(Task description) Copy, exactly as written, the lines that begin at the one containing "10 beste ideeà" and end at the one containing "New York City". Skip any pictures in the data below.

(Data supplied)
- Opening Delimiter -
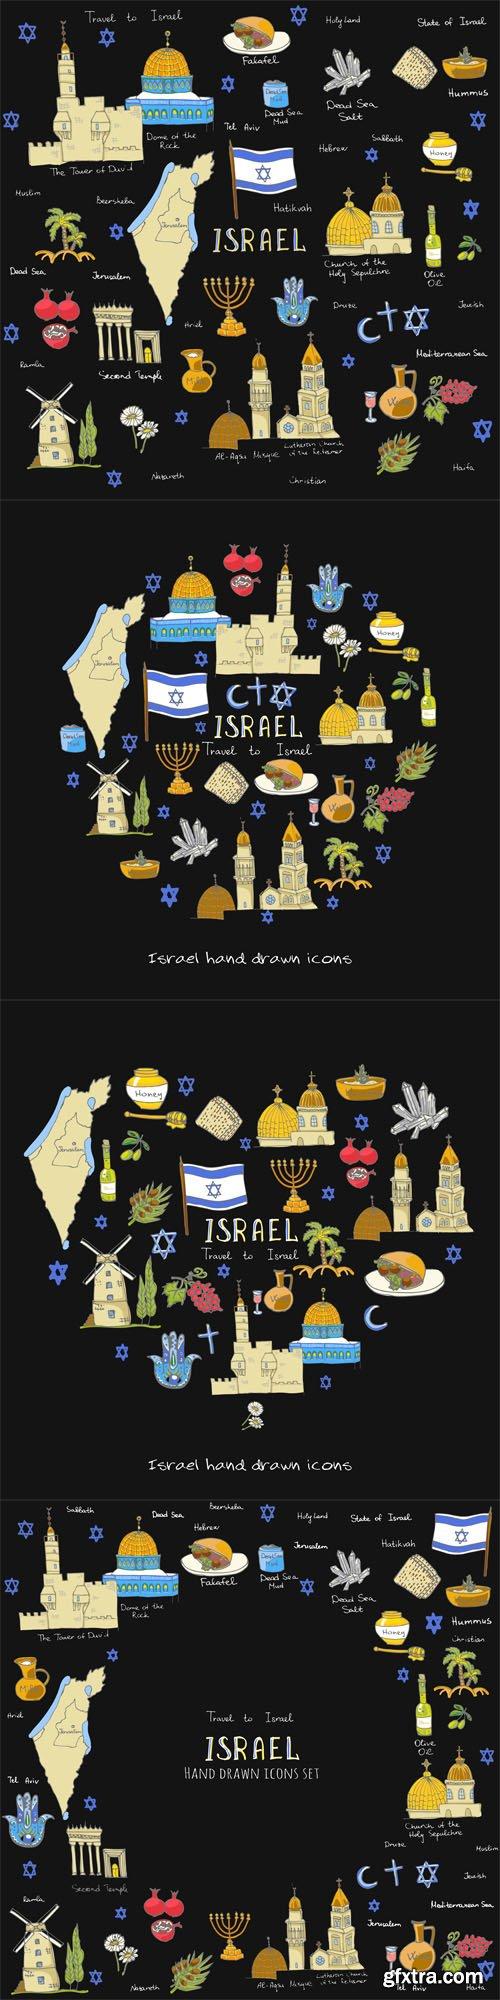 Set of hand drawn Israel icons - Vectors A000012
- Closing Delimiter -
- Opening Delimiter -
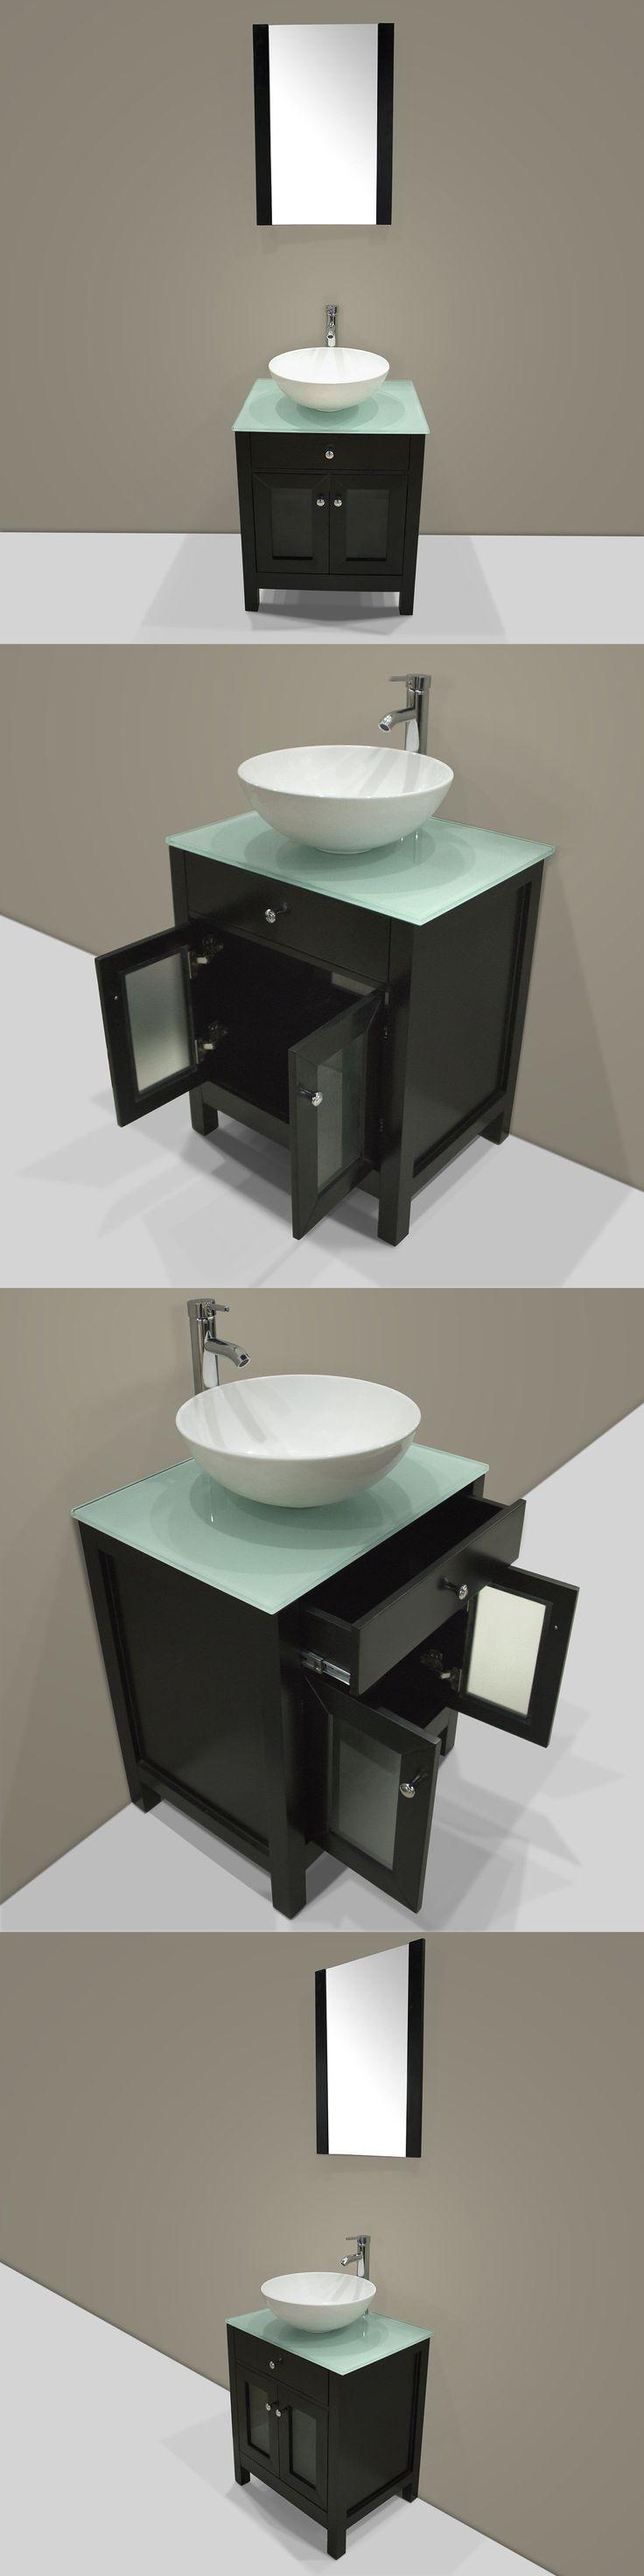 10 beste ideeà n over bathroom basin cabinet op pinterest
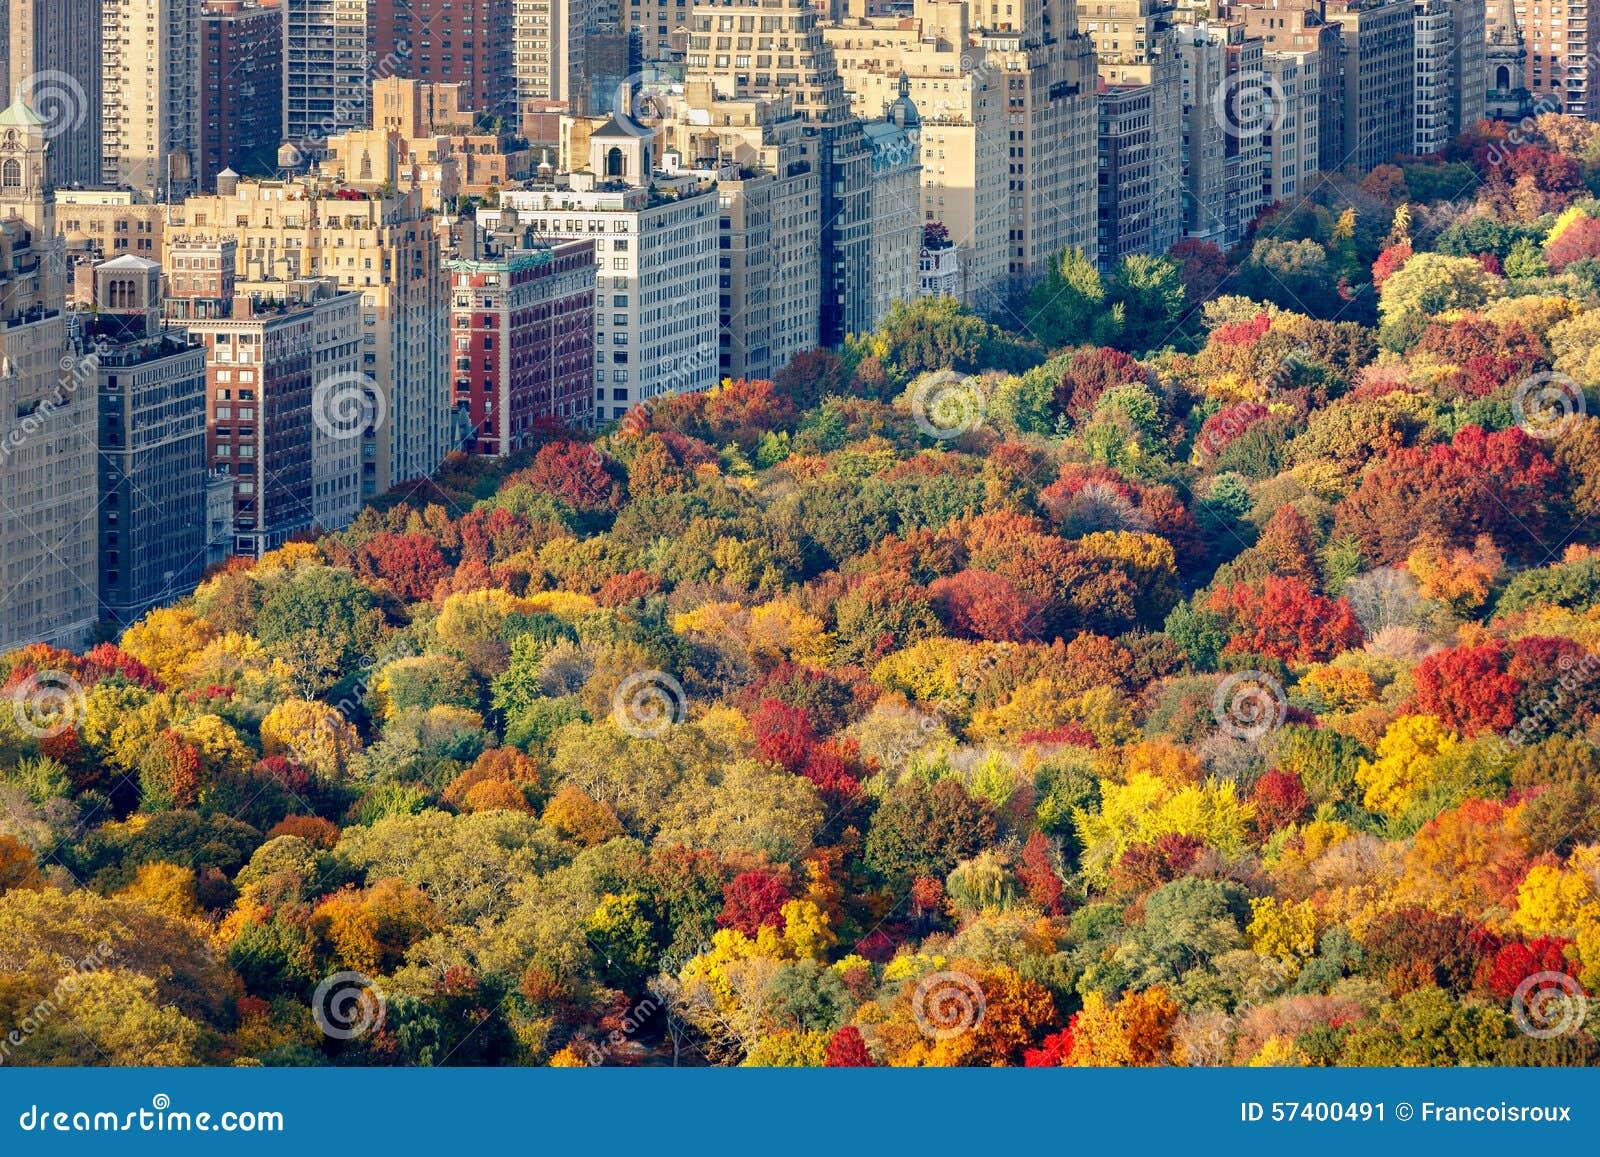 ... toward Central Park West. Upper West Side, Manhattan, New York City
- Closing Delimiter -
(Task answer)
 10 beste ideeà n over bathroom basin cabinet op pinterest
 ... toward Central Park West. Upper West Side, Manhattan, New York City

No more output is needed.